アルスが死神と契約している時、学園の広場には数台の馬車があり、学園を出る様な準備をしていた



「あの、フォースターさん我々はどこかに行くのですか?」




そう聞くのはセレスティーナ




「あぁ、私の持つ権限を使いSクラスの皆には各家に帰ってもらう」



「実家にですか?」



騎士ガゼフの言葉に驚くオロバス




「ねぇ、カルセイン少し急すぎない?セレスも含めて皆疑い始めたわよ」



「そうだな、実際将校の位の騎士には学園の規則に外れた命令を学園に出す事は可能だが、物事の決定が早すぎる、教師も誰かに買収された可能性が高いぞ………」



ガーネットとカルセインが考察する、学園の教師の買収は大問題になる。

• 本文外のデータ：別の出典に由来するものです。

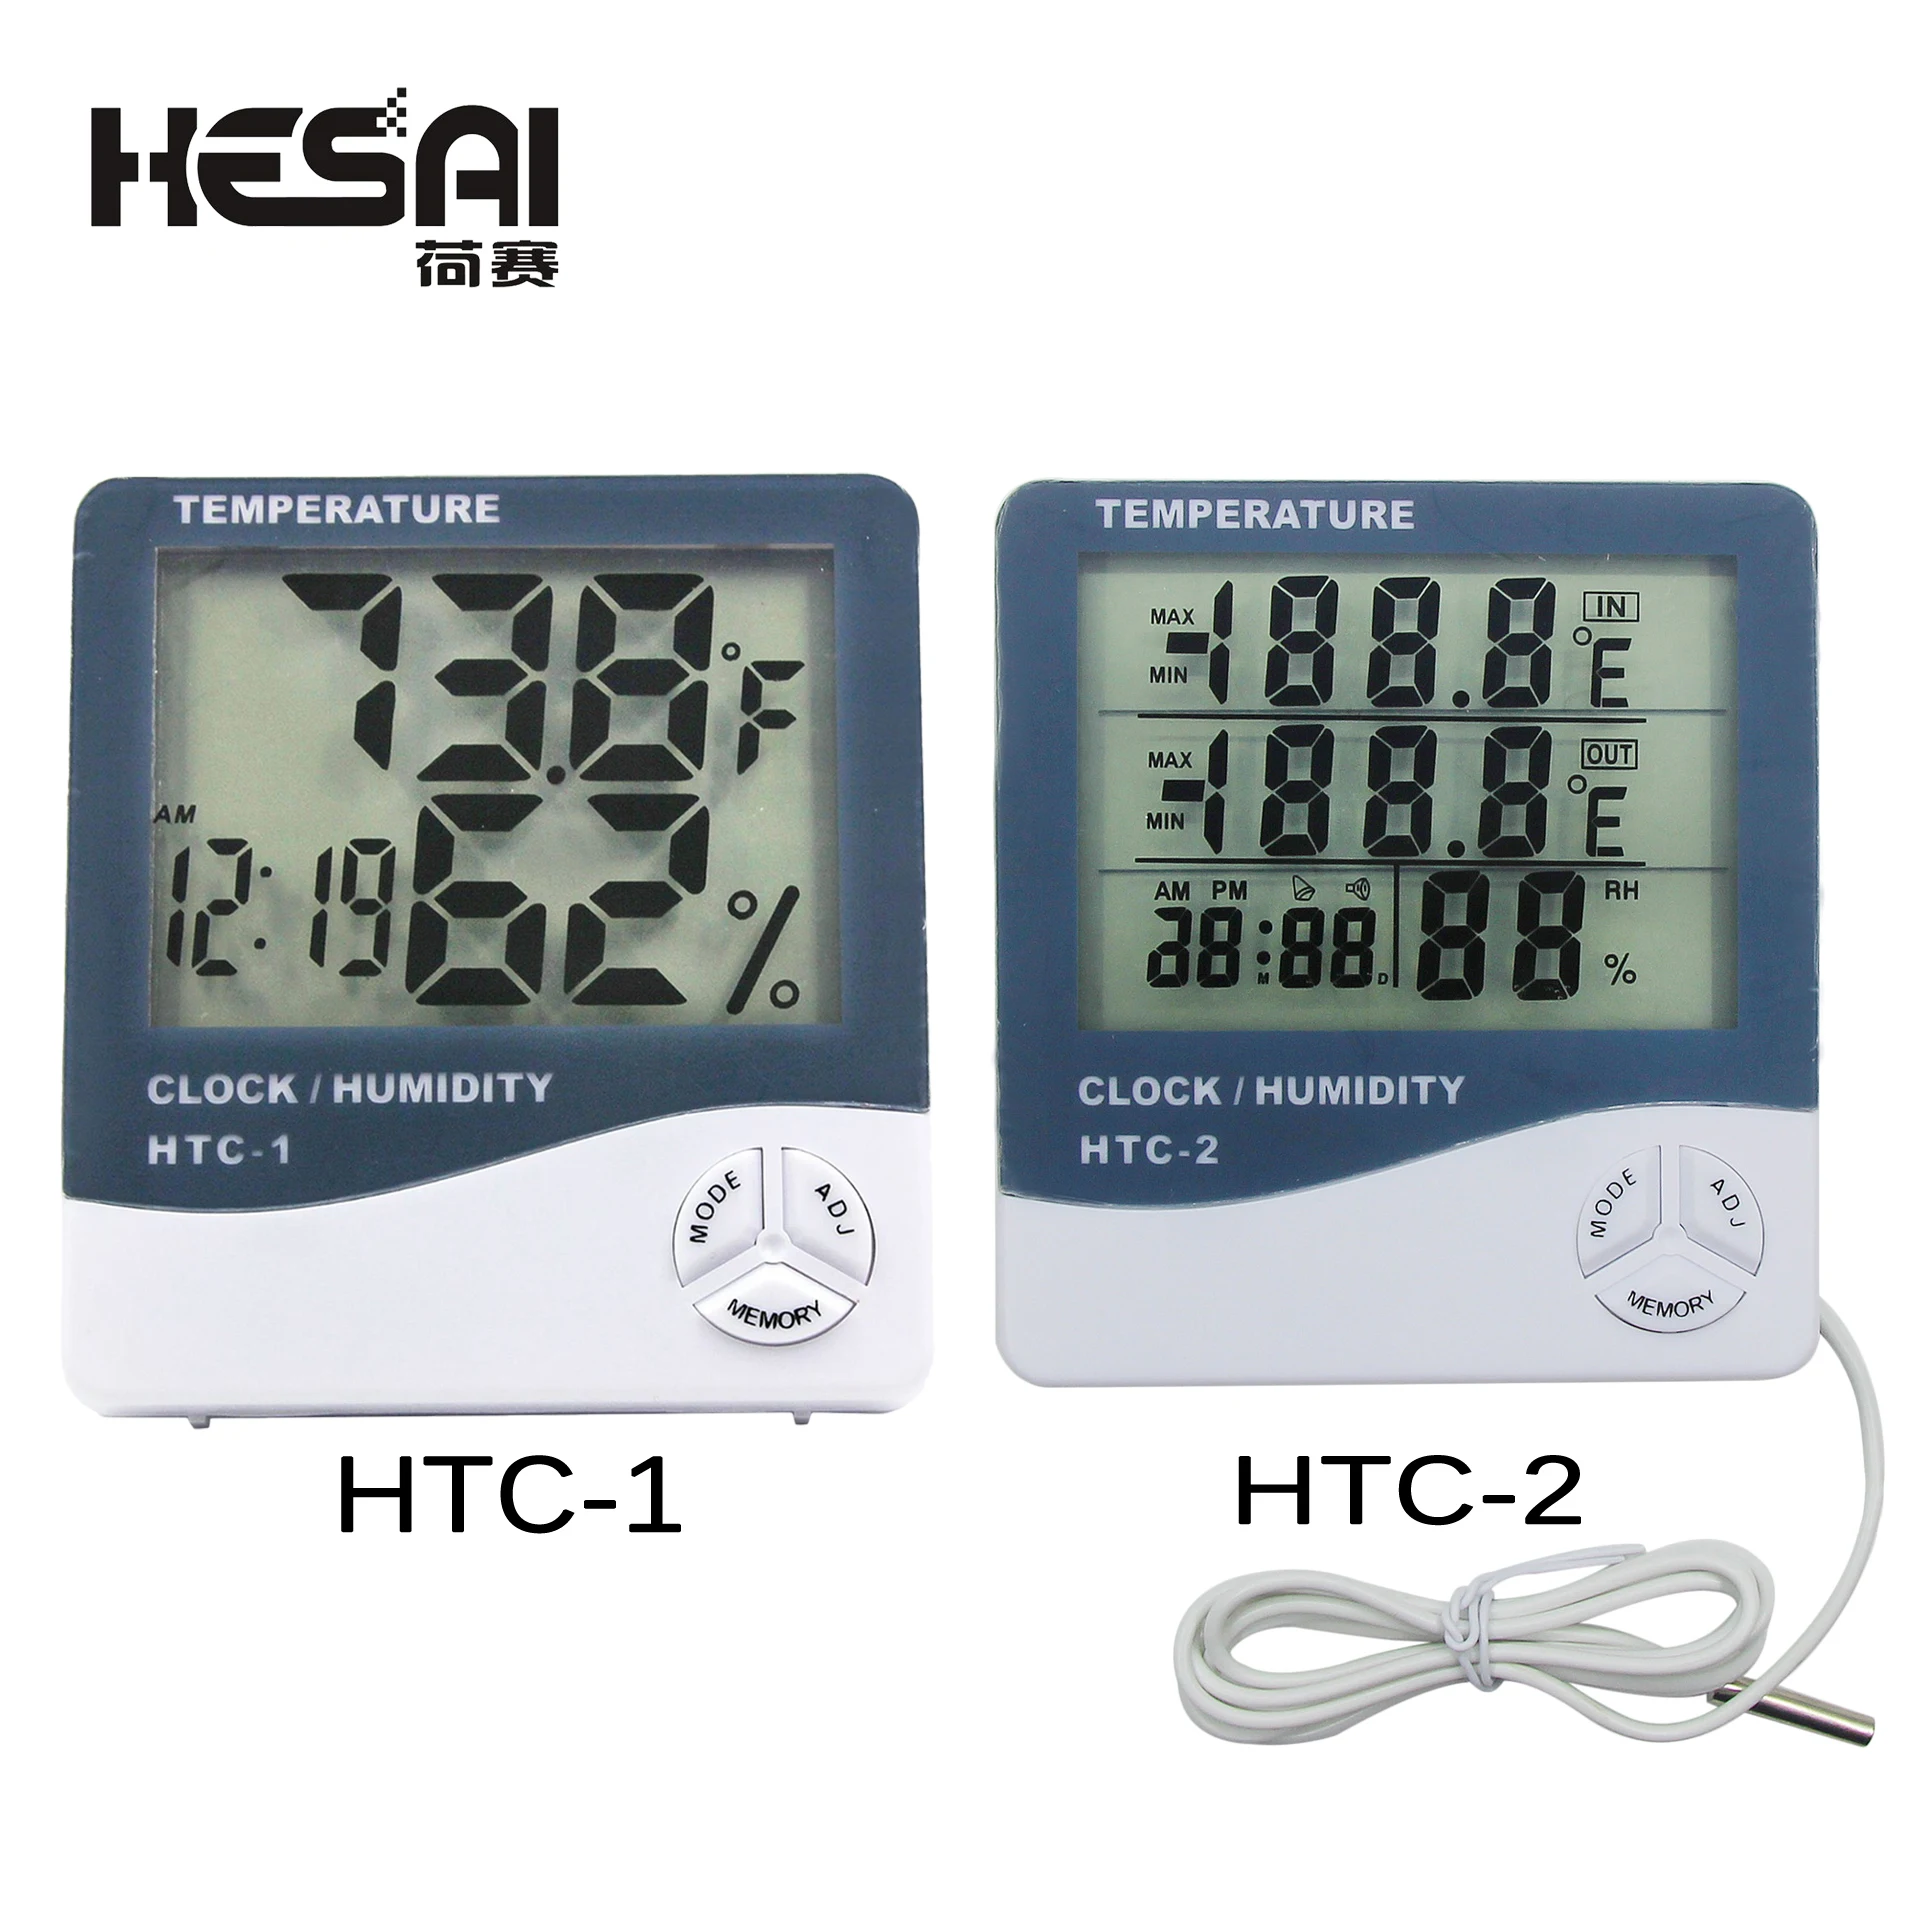 

LCD elettronico digitale temperatura misuratore di umidità termometro igrometro interno esterno stazione meteorologica orologio
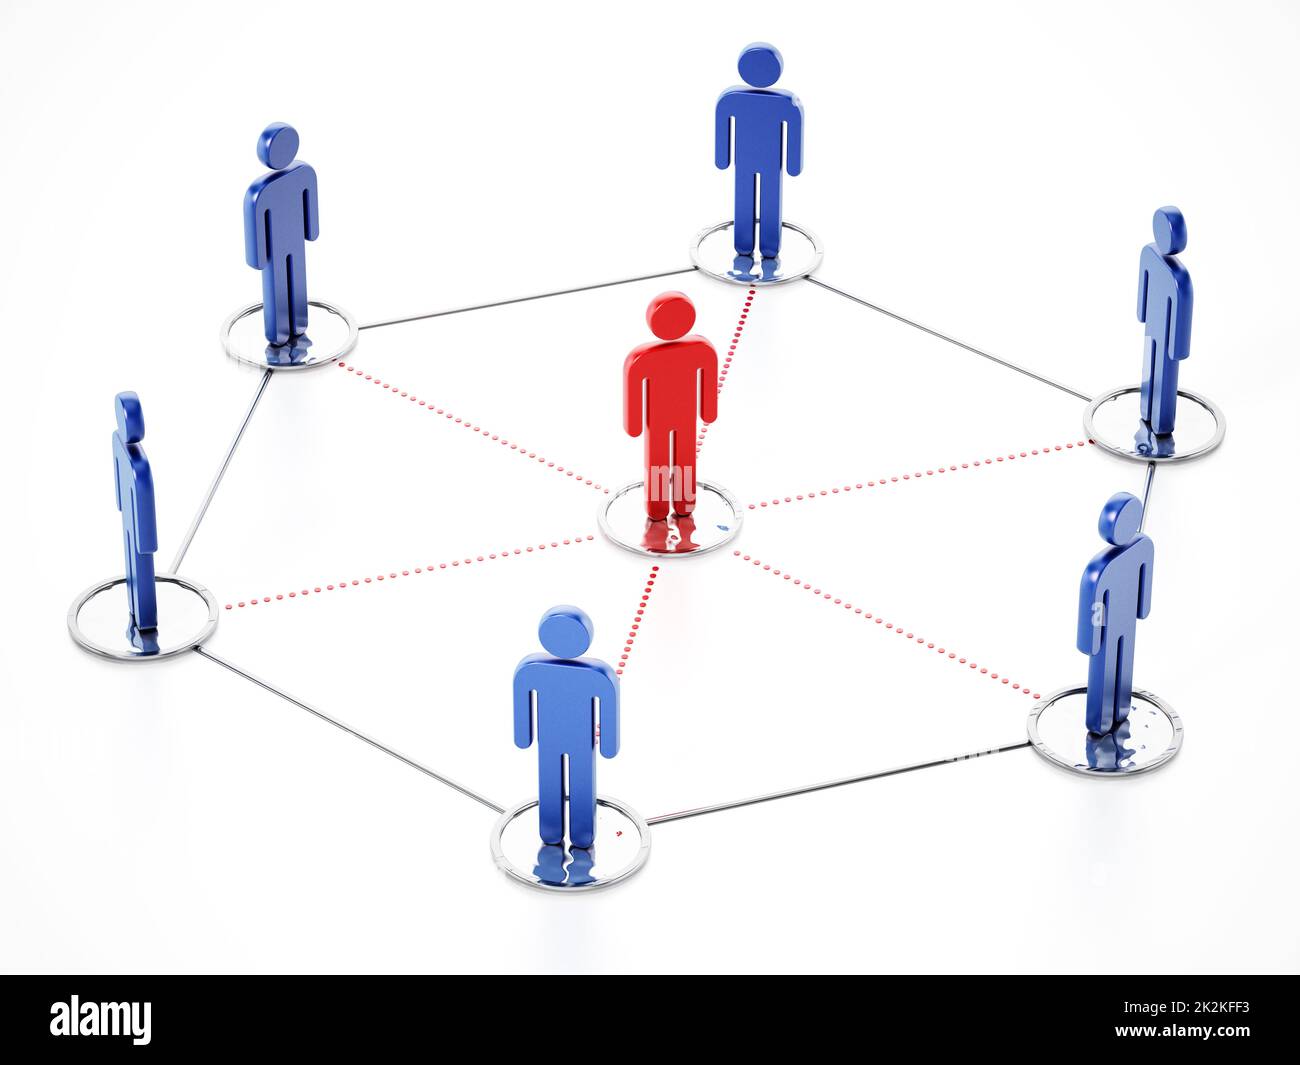 Des personnes connectées avec une figure de proue au centre. 3D illustration Banque D'Images

政治的観点で中立である王立魔法学園のどちらか片方の勢力への加担は国を支えていく将来の人材を潰す事になりかねないからだ




各家それぞれに馬車が用意されていて各馬車に乗り込んでいく



馬車は学園を出て丁度アルスと死神が話し終えた頃、セレスティーナは自分の家とは違う方向に馬車が向かっている事に気づき目の前にいる騎士に尋ねる



「こちらの方角に私の家は無いのですが?」




「安全確保の為少し迂回しております」




騎士の男はそう言うが、未だ危険にさらされていない現状では受け入れ難い




(何処へ行くのでしょう……?)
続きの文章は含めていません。